Saturday, August 27, 2016

New Book: Best Practices for Knowledge Workers (digital edition)

A couple of weeks ago the book "Best Practices for Knowledge Workers" has been published by Future Strategies Inc. in association with the Workflow Management Coalition (WfMC).


The authors Nathaniel Palmer, Keith Swenson, Jim Sinur, Dr Setrag Khoshafian, Linus Chow, et al describe Adaptive Case Management (ACM) in the current era of digitization, Internet of Things (IoT), artificial intelligence (AI), intelligent BPMS and BPM Everywhere.

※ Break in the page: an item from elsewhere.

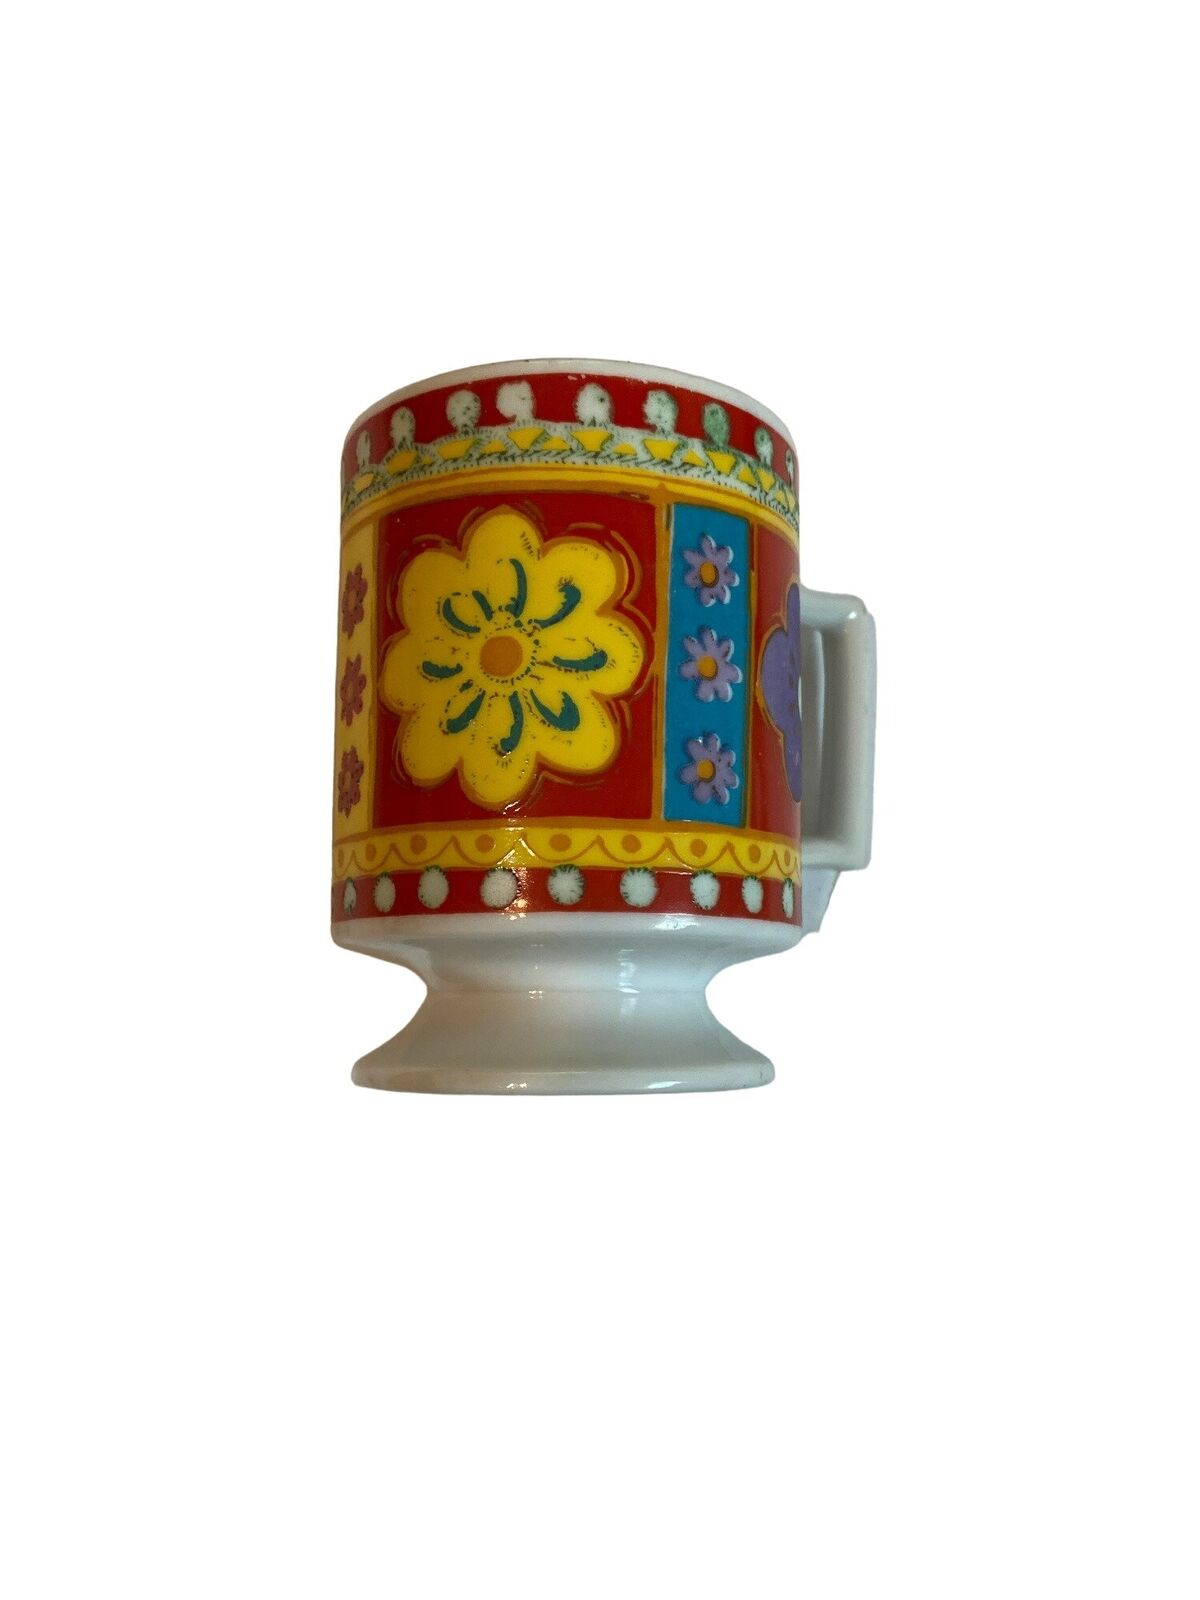 Vintage MCM graphic print coffee tea mug cup limerick Japan R6927

We (Juergen Kress, Ricardo Puttini and myself) are very proud contributers in the digital edition of this book. With our chapter „ACM Methodology: Best practices to design and implement solutions for knowledge workers“ we are sharing our experiences from multiple ACM implementations.

ACM Methodology Chapter 

BPM-based solutions have brought major advances to work organization and automation. However, given BPM’s strong basis on formal workflow definition, oftentimes BPM solutions are not well suited for work scenarios where a precise workflow cannot be strictly defined. Work in such scenarios is highly dependent on knowledge-based decisions about activities and outcomes, leading to multiple work paths and business rules that can become quite complex or even unfeasible to model and completely automate. In these cases, a different technology support approach is required. The focus is not to isolate and automate decisions and rules, but rather to deliver opportunistic information support to the knowledge worker to accomplish them. Adaptive Case Management (ACM) rises as a successful design pattern for this.

The ACM methodology described in our chapter covers typical software engineering disciplines: business modeling, analysis, design and implementation. This approach provides well-understood separation of interest criteria, which aims at making it easier for business analysts and software architects to understand and incorporate ACM design practices into their current professional skills. Additionally, specialized business models and software artifacts required for the successful realization of ACM design pattern are presented and developed in details in the following sections.

In order to make the concepts and the development activities more clear, each section within this chapter includes a case study example. Therefore, the reader is able to practice each exercise and to template the deliverables of each phase of the development. The ACM methodology was developed over the past years during execution of actual ACM projects in different customers and industry areas. Therefore, it brings together practical experience and real use of existing ACM software platforms.

Visit the Future Strategies bookstore here.

  

ACM Methodology Kit

As part of the book Best Practices for Knowledge Workers (digital edition) we published an Adaptive Case Management Methodology. The proposed ACM Methodology is based on the five phases, which covers typical software engineering disciplines: Business Modeling, Visualization, Analysis, Design and Implementation. New software artifact models for ACM user interfaces (ACM Workspace) and ACM solution analysis and design (ACM Canvas) are also among the contributions of this work. ACM design leverages the recently established Case Management Modeling Notation (CMMN v1.1). Templates of software artifacts, developed for each methodology phase, are also presented. These support a guided outcome and ensure projects progress and success.